### What the exercise asks
Transcribe the listing that follows in full, exactly, and drop its images.

### Source data
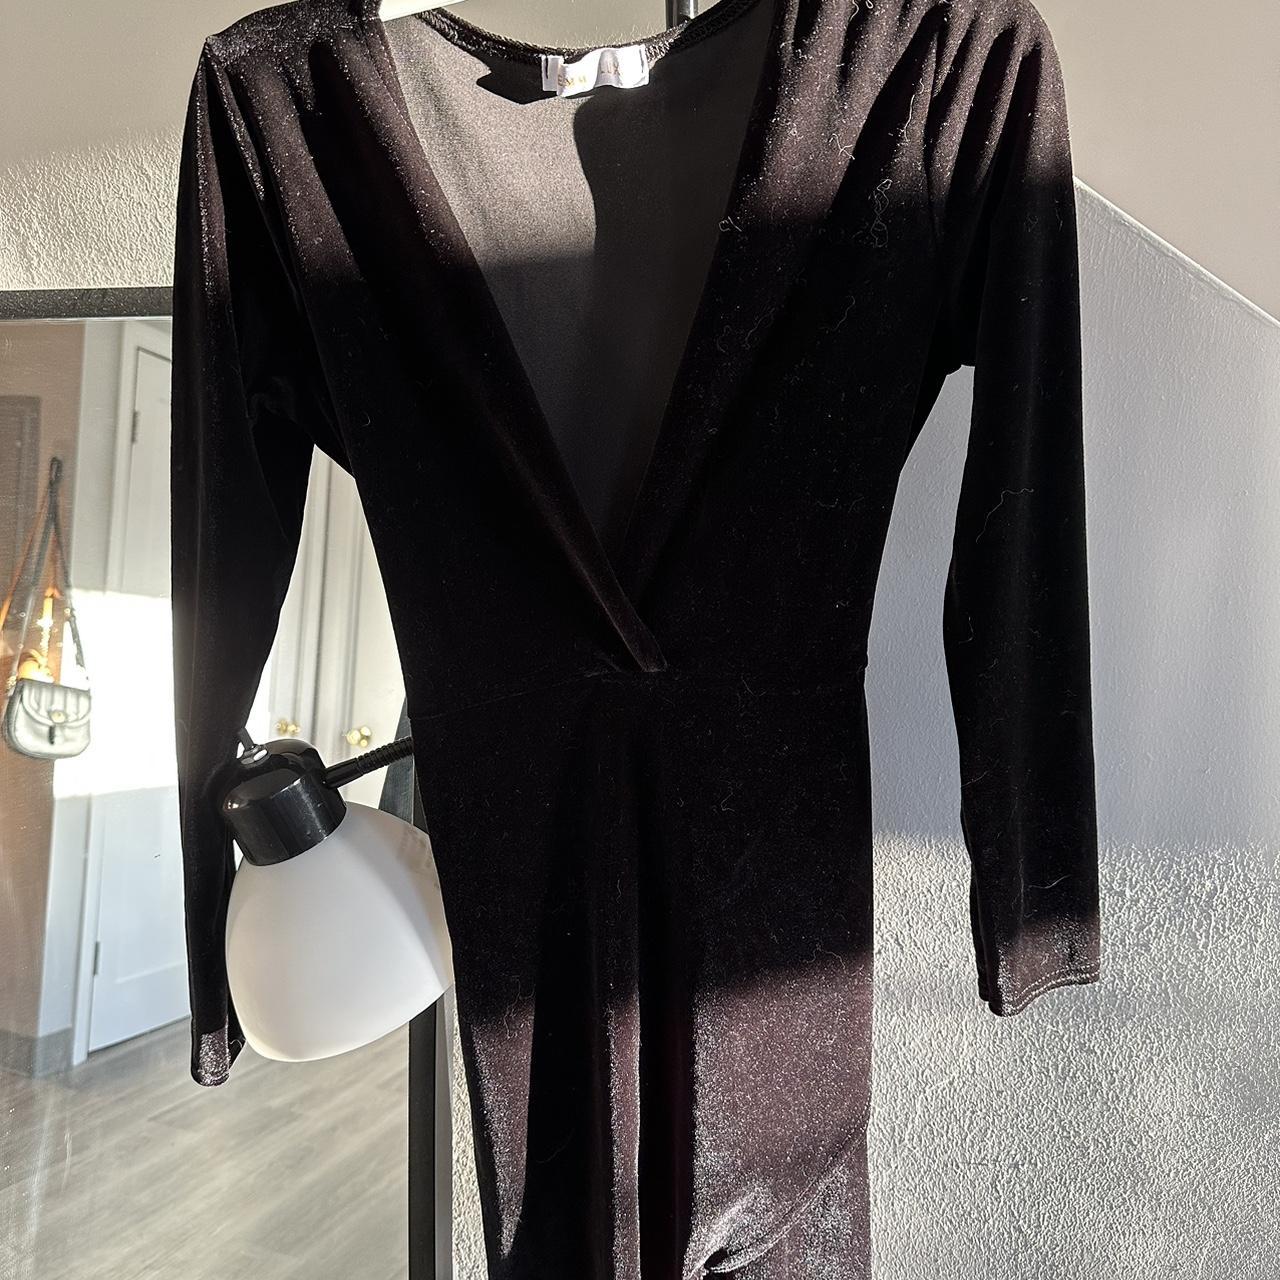 Femme Luxe Women's Black Dress
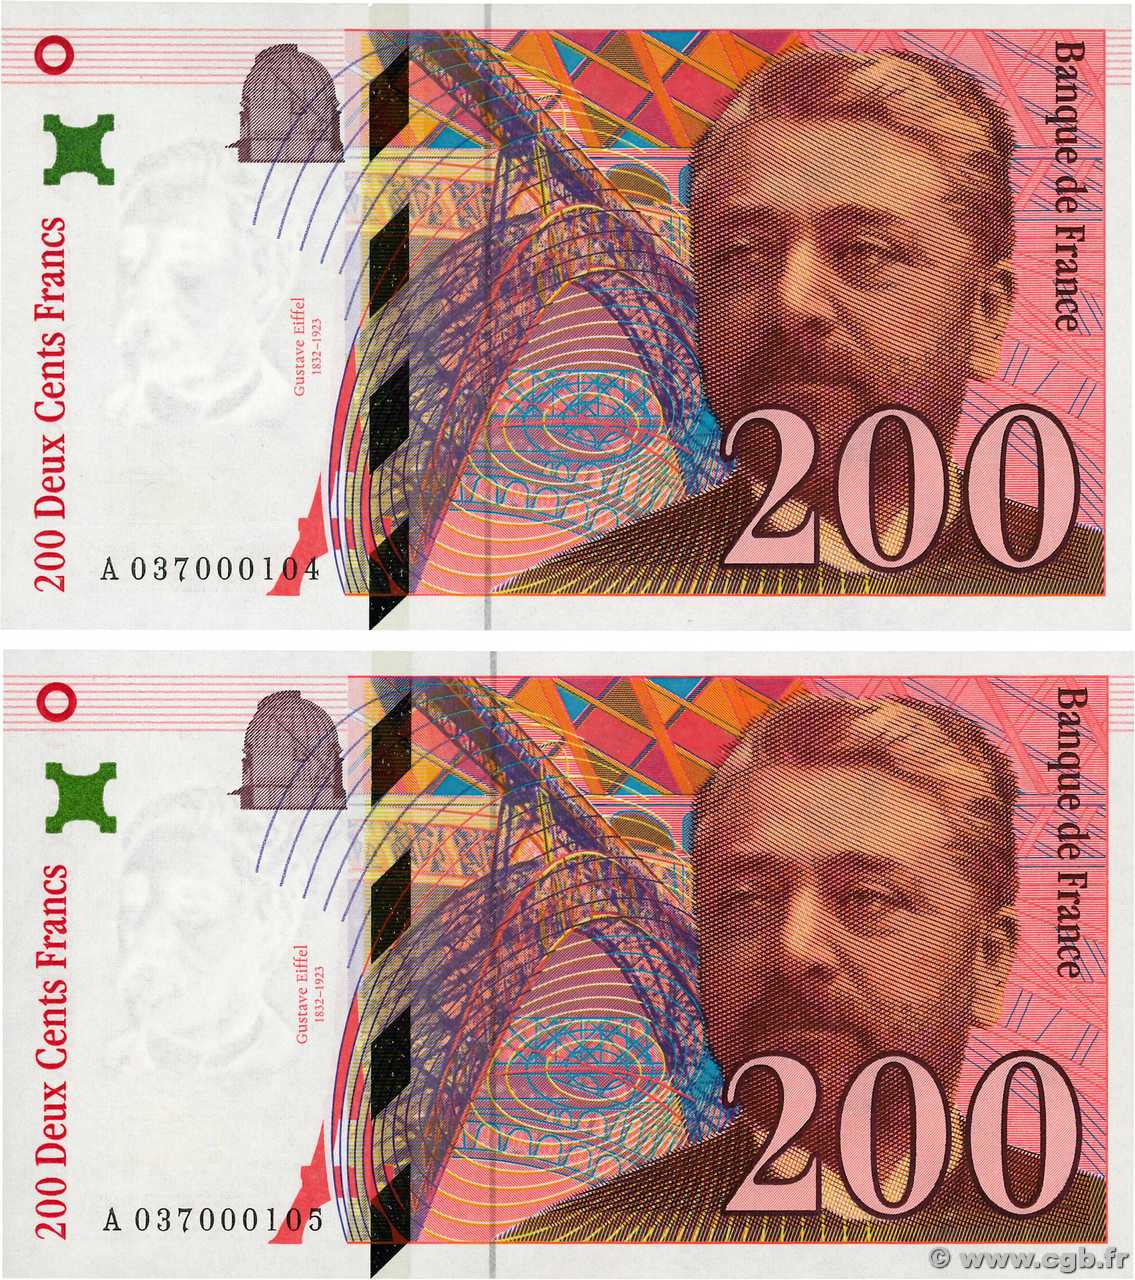 200 Francs EIFFEL Petit numéro FRANCIA  1996 F.75.03A1 FDC
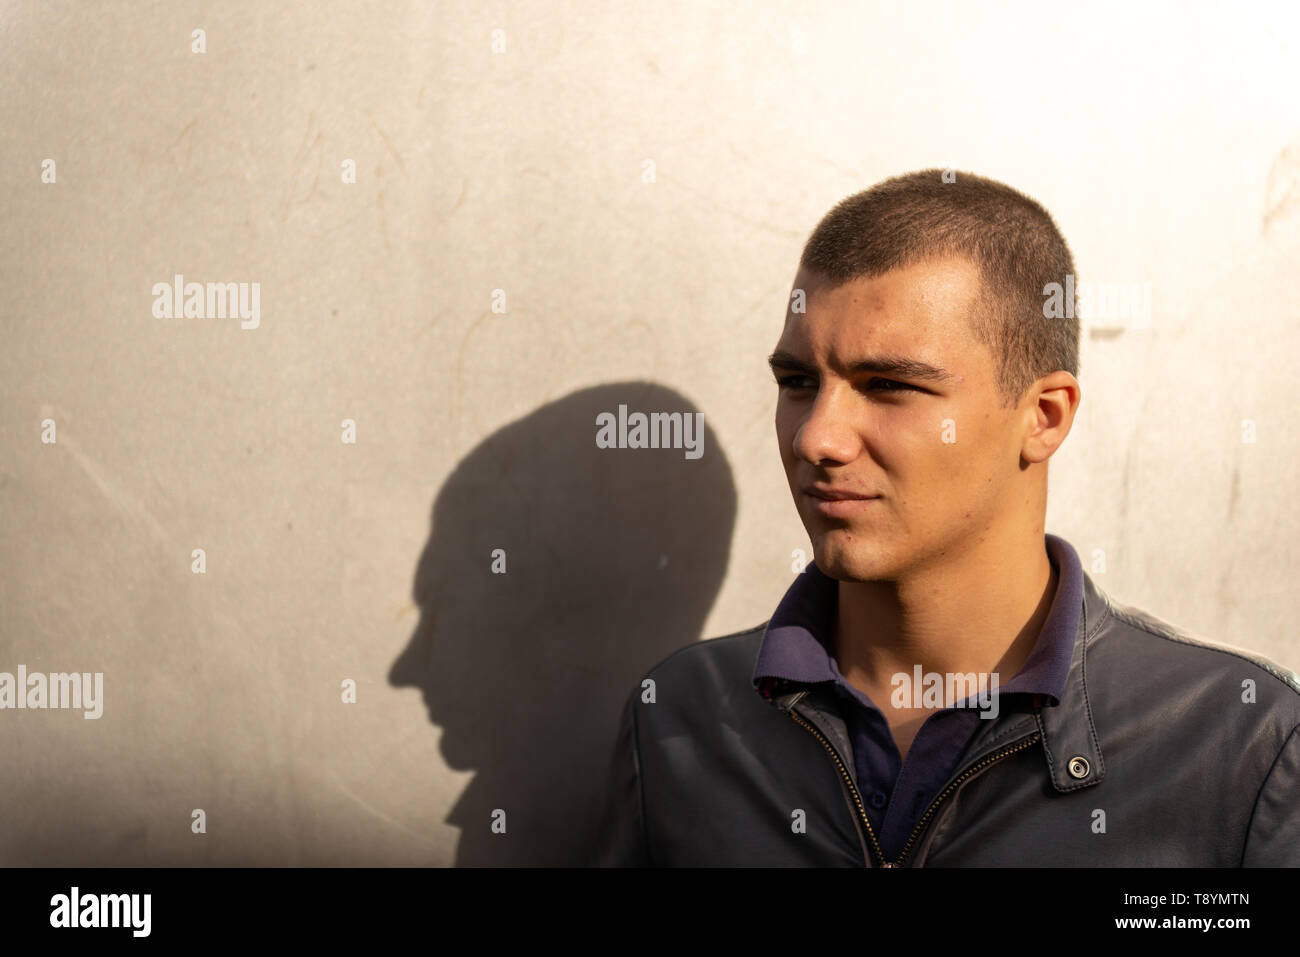 Porträt eines 20-30-jährigen jungen Mannes und Schattens, der wegblickt, und hell beleuchtete Hintergrundwand Stockfoto

### Task response
 Femme Luxe Women's Black Dress
 200 Francs EIFFEL Petit numéro FRANCIA  1996 F.75.03A1 FDC
 Porträt eines 20-30-jährigen jungen Mannes und Schattens, der wegblickt, und hell beleuchtete Hintergrundwand Stockfoto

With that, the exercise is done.